Leidos is seeking a Viral Diagnostics and Assay Development Manager who will direct testing and develop assays for viral products manufactured at a manufacturing facility in Silver Spring, MD. S/he will manage, oversee, and perform assays for the detection of viruses in various matrices, such as culture media, animal and human plasma/blood/serum, and other tissues.
This position is contingent upon contract award.
- Oversee a group of qualified technicians that are responsible for all aspects of testing for quality and safety of viral products that are required in the development process.
- Maintain a validated and calibrated laboratory that will generate data used for Investigational New Drug submissions to the FDA.
- Development of new assays including potency and safety assays for products intended for human use.
- Write and review standard operating procedures.
- Conduct testing, which may include assay of infectivity, protein and antigen content, potency, purity and other characterization assays required for complete analysis of final products or intermediates.

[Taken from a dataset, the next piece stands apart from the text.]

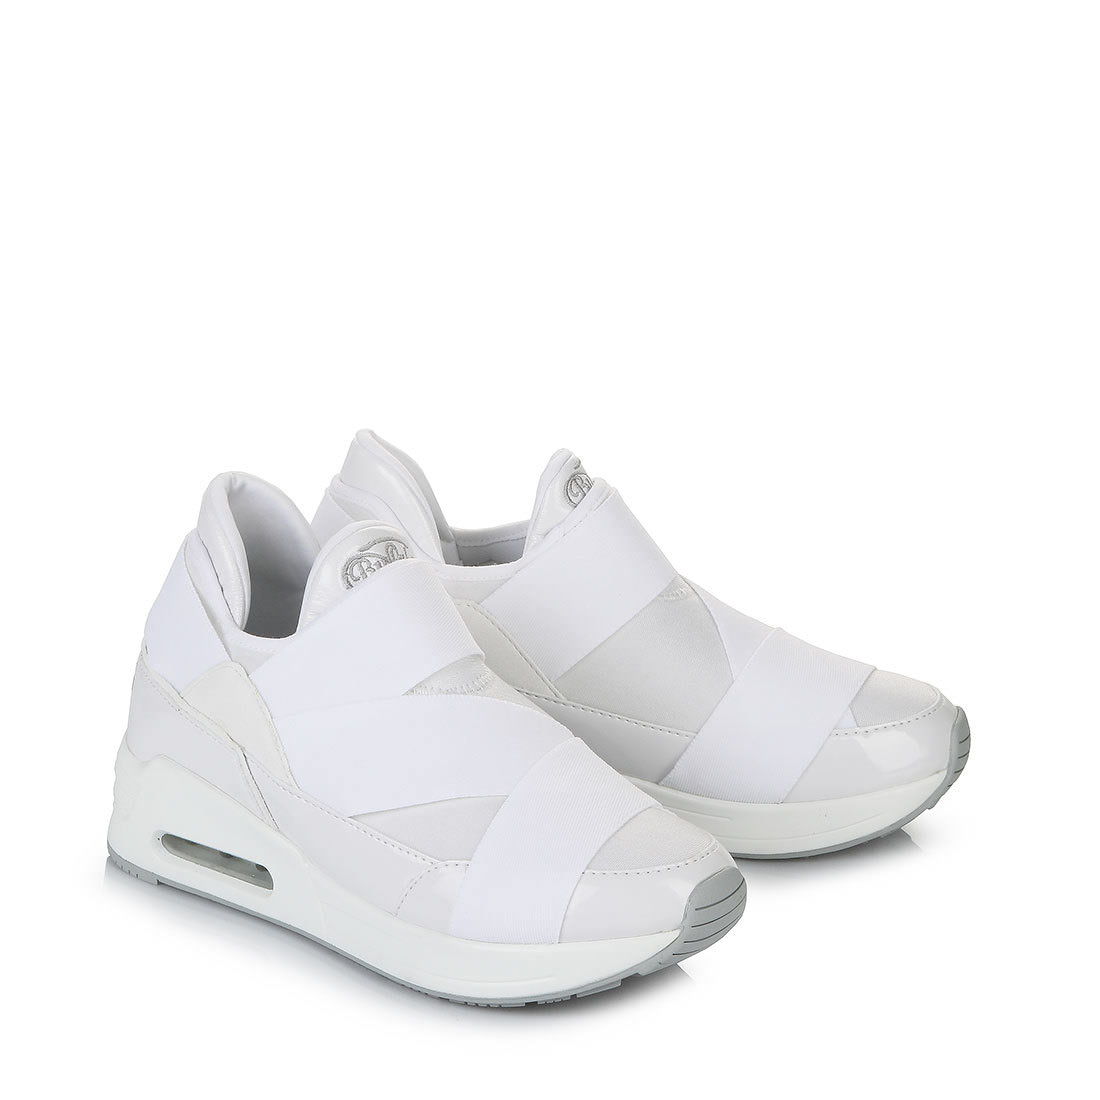 Dame 100-30 Néoprène Buffle Sneaker En Daim wyLebO

- Qualification or validation of assays dependent upon the level of regulatory scrutiny
- Participate in the generation of product testing summary reports and Certificates of Analyses.
- MS degree in biochemistry or related science and at least six years of experience in viral testing desired
- At least six years of experience in viral assay development and testing of viral products
- GLP and GMP experience.
- Must possess skills using various types of analytical and laboratory equipment, as well as proficiency with IBM compatible software including spreadsheet programs and word processing programs.
- Must also have four years of managerial/supervisory experience.
- All proposed personnel to perform services contractor must verify employment eligibility (E-Verify) and obtain a favorable National Agency Check (NACI).